Mavi Gözlü Dev
Mavi Gözlü DevUzun zamandır bir Nazım Hikmet hikayesinin Türk sinemasındaki eksikliği aklımıza bile gelmemişken birdenbire gündeme düşen Mavi Gözlü Devle beraber ‘Bizim neden Nazımı anlatan filmimiz yok sorusu akıllarımıza çakıldı kaldı. Peki Biket İlhanın yönetiminde ve Metin Belginin senaryosunda canlanan Nazım Hikmet portresi bu özrümüzü nasıl giderdi? Nazımın 1941 ile 1969 yılları arasında geçirdiği hapishane yılları çerçevesinde büyük şairin sinemadaki ilk biyografisini hevesle ele alan çift, maalesef bu uçsuz bucaksız kaynağa büyük haksızlık etmiş. Nazımın portresini tutarsız ve dengesiz bir biçimde çizen ve sinemacılık açısından da doğru noktalara temas etmeyi başaramayan bir sinema var karşımızda. Öyle ki film, sinemadan çok bir ortaokul müsamaresini, ya da kimi hoş görsellerle süslenmiş bir edebiyat ödevini çağrıştırıyor.
İlhan ve Belginin kalkıştıkları işin ciddiyetini ve zorluğunu kabul ediyor, samimiyetlerine ve sinemamızın bu büyük çukurunu doldurma çabalarına da saygı duyuyorum. Lakin böyle alelacele ve kararsızlıkla tutuşturulmuş biyografik malzemelerden oluşan bir film görünce, Nazım konusunun halihazır gündem gücünün ve insanların Nazıma olan boynu bükük saygı ve hayranlığının arkasına sığınılmış gibi düşünmeden edemiyor insan.
Bir kere senaryo bir düzlük. Nazım Hikmet gibi bir adamın yaşamında inişlerin çıkışların, düşüşlerin kalkışların olmayacağı nasıl düşünülemezse onu anlatan metnin de hendeksiz, tuzaksız, çatışmasız ve heyecansız olması kabul edilemez. Olay zinciri sahneler arası bağıntısızlıktan dolayı kopuk ve tutuk; film dramatik açıdan sığ ve üstelik de karakterin psikolojik evrimi fırtınanın ortasında kalmış bir kayık gibi ne kıyıya ulaşıyor, ne köpürüyor, ne duralıyor. Nazım bir an sinirli, dik başlı, geçimsiz ve inatçı bir adamken, kimi zaman yumuşacık ve sıcacık, yardımsever ve aklı selim bir erdem timsali kesiliveriyor. Şairin bu özelliklerin hepsini de bünyesinde barındırmadığını iddia edecek değilim. Ama bildiğim bir şey var ki o da, bir filmin her şeyi anlatmaya kalkışmasından pek bir hayır gelmeyeceği.

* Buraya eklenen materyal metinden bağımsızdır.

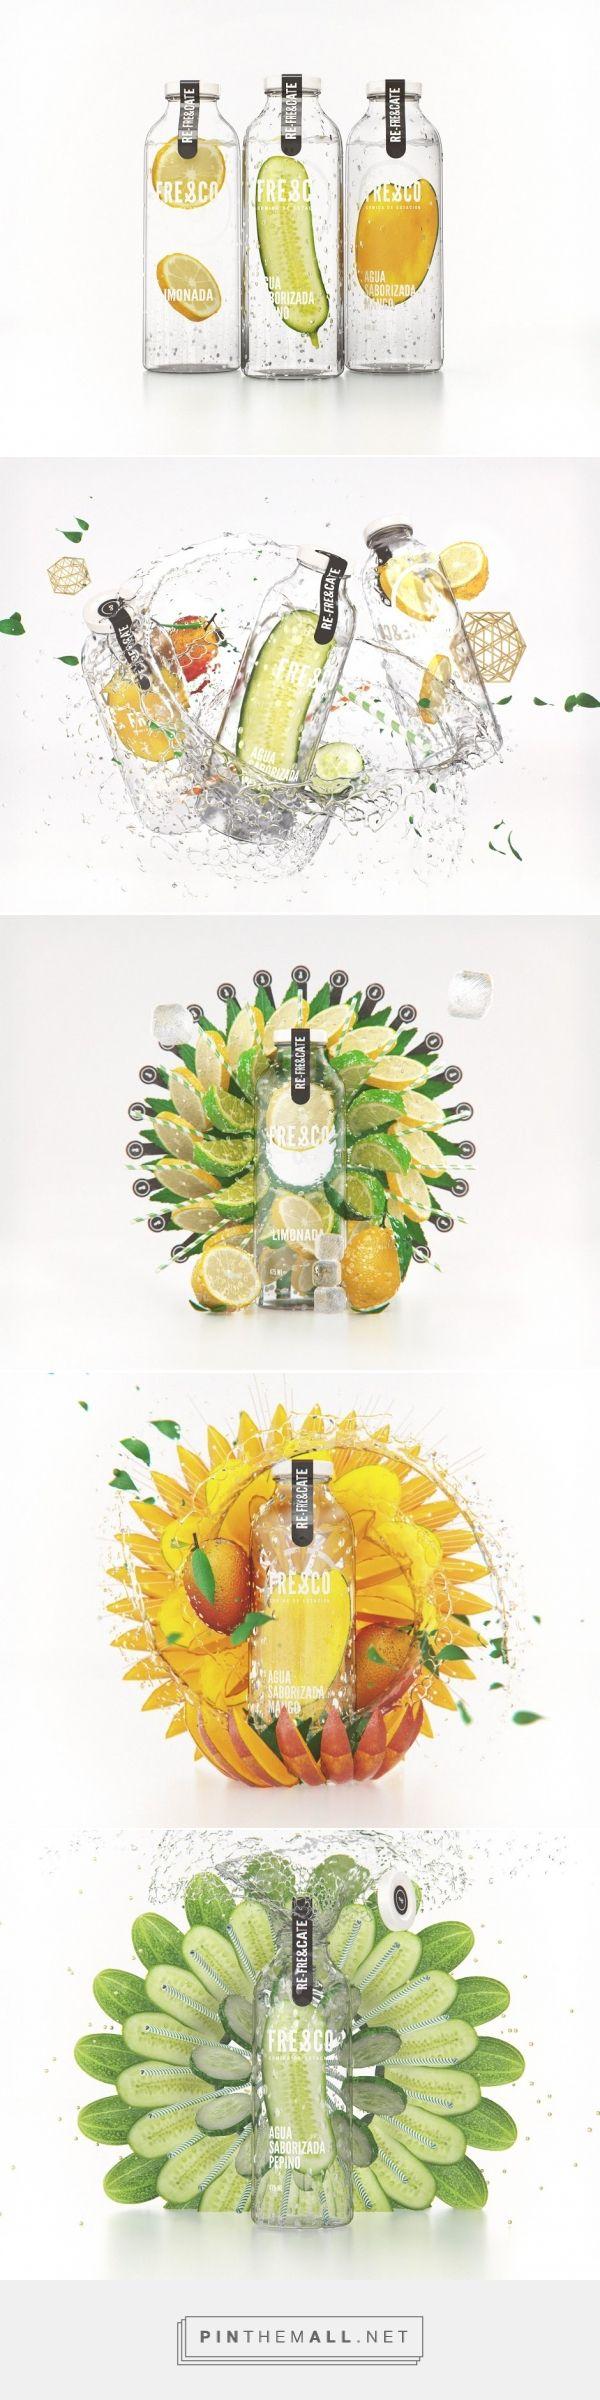 Fresco flavored water bottle designed by Estudio NK (Argentina) - http://www.packagingoftheworld.com/2016/03/fresco-bottles.html - created via https://pinthemall.net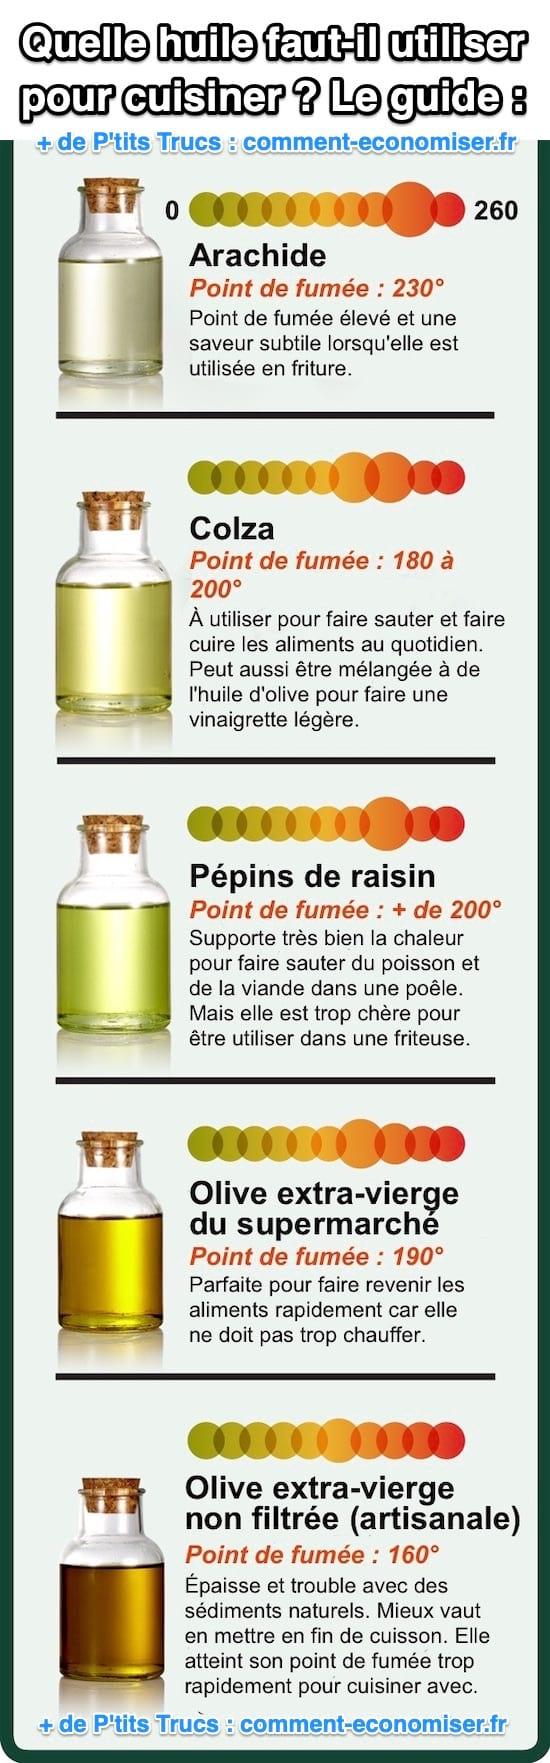 Le guide pour savoir quelle huile utiliser pour cuisiner

On parmağında on marifet Nazımın şairane buluşlarını heyecanla kağıdına kaydettikten ve çevresine mütemadiyen şiirin, edebiyatın ve Komünizmin ışığını yayarak hapishanede salınıp durmasından sonra, bir de resim dersleri vermesi, bir de orkestra şefliği edalarıyla kendinden geçerek mahkumlara klasik müzik dinletmesi, bir de dokumacılık mesleğinde ilerleyip herkesi binbir kere hayran bırakması zaten yeteneğinden zerre şüphelenmediğimiz Nazımı yapaylaştırıyor. Sanki bizim Nazımı sevmek için, sanatından pay çıkartmak için bahanelere gereksinimimiz varmış gibi bu bombardıman niye? Biz daha çok onun bilinmeyen görülmeyen erdemine, doğallığına pencere açmak istemiyor muyuz?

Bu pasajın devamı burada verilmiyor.